1752: Lightning in a … Kite?
Benjamin Franklin was an inventor, writer and statesman, but he was also an engineer who developed electrical systems using hand sketches. His best-known feat? Verifying that lightning is actually electricity.
In June 1752, history says that Benjamin Franklin sent a key attached to a homemade kite into the air. “As soon as any of the thunder clouds come over the kite,” he wrote, “the pointed wire will draw the electric fire from them, and the kite, with all the twine, will be electrified.” While there’s a good chance Franklin made up the tale, his theory was ”electrifying.”
1879: A Little Menlo Park Magic
Picking up where Franklin left off, Thomas Alva Edison (aka the Wizard of Menlo Park) held more than 1,000 patents. In 1879, he introduced the electric light bulb. It lasted longer than previous models and employed a carbonized cotton thread filament.

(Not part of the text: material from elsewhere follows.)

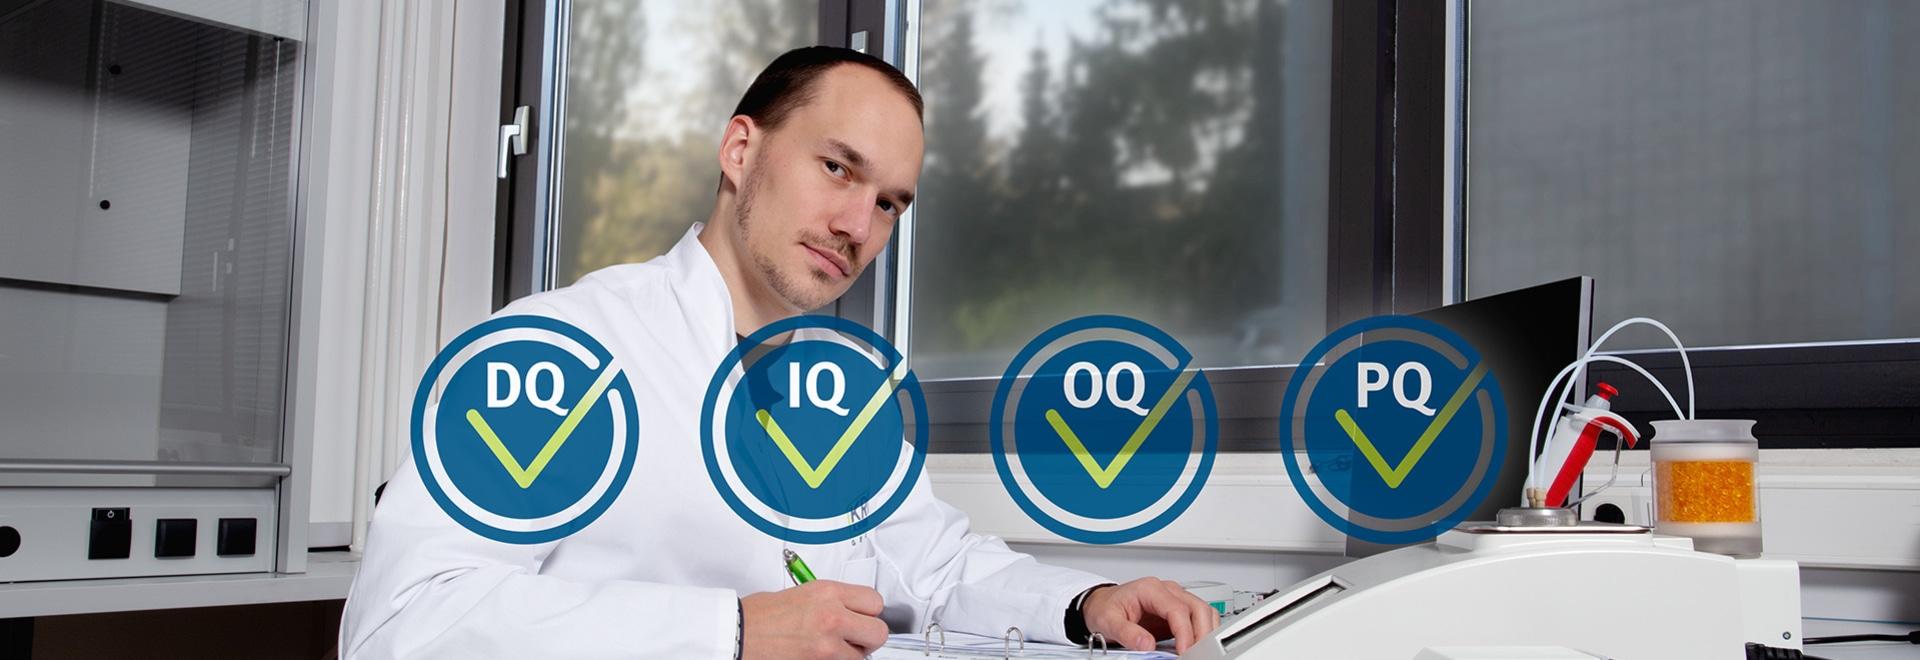 Qualificazione e convalida dei dispositivi: Nel passato, nel presente e nel futuro

Edison made a host of other contributions to electrical design, including the system of power stations now called General Electric, and schematics continued to be the planning tool of choice.
Although a true technological genius, Edison wasn’t all butterflies and rainbows— he electrocuted puppies, a horse, and an elephant in an attempt to label alternating
current (AC) power as dangerous. He lost this campaign and Nikola Tesla’s AC induction motor won, mechanizing factory work and powering household appliances.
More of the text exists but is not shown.